I always program my sessions using two basic elements. First, I target my summary and "testing" by use of story problems...my way of not only applying what they have learned, but also combining many of the things they've learned into a real world "challenge". Second, I always relate that story problem, as well as individual problems, to one or more of the students interests. This keeps them focused and I find the ability to relate to the problem personally means they will understand and retain the ideas longer than just to pass the next test. They also realize how learning the material actually will effect their lives.
In addition, with additional Maths tutoring sessions and closer attention given to the student, tutors can help improve the student's self-confidence and boost their self-esteem to enable them to go on to learn more and become more and more confident in their abilities and other subjects as well.
Math is a language, just like English, French or German, and in the form of sentences in that language. Math problems are also in sentences...Math sentences...and the languages are Basic Math, Algebra, Trigonometry, Calculus, and so on. It is the students responsibility then to be the interpretor between the "verbal" language and the "Math" language. This means the first step is to build the Math sentence that comes from the "verbal" sentence found in the story problem.

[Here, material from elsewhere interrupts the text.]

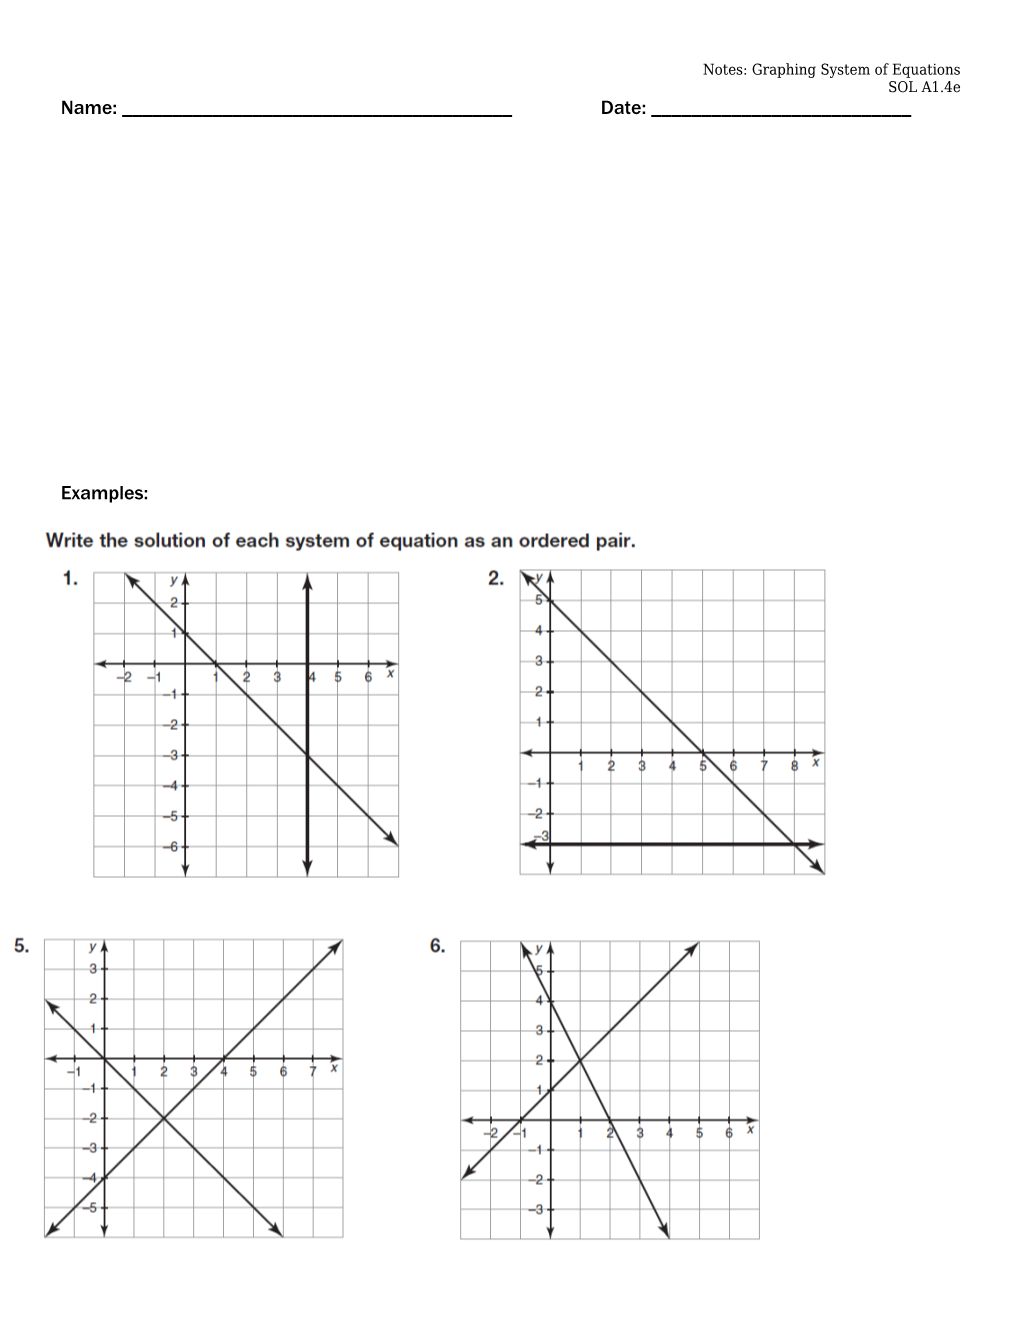 Notes: Graphing System of Equations

All Math problems can be solved using the same approach/system. Start at the back end (the answer) and work your way forward. Using this method you can solve any problem...regardless of how complicated (and intimidating) it may look.
Step 1 is to figure out what the problem is asking for and also what form that answer might be in. As and example, the form needed might be in inches, but the information given might be in feet. This tells you you need to do a conversion at some point. How many times has a student gotten a problem wrong because they didn't convert the answer...that is extremely frustrating.
Step 2 is to figure out what information you need to get that answer, and if that information is given in the problem, your ready to answer the question, if not, then you need to figure out what information you need to get the information to answer the question.
Step 3 is just a rep-eat of step 2 until the information you need actually is given in the problem. Once you reach this stage, you simply reverse the steps. You've just laid out the plan of how to find the answer in reverse. Just follow it.
The other BIG issue with Math is the idea of practice. Practice, practice and more practice. I find athletes are sometimes the easiest to tutor because the concept of practice, and how this leads to "muscle memory" on the field can relate to that same muscle memory (the brain in this case) using Math.
There are other tools and tricks I use to help understand and retain Math skills that I will be passing with the following posts. Just remember one thing...Practice, practice and practice some more.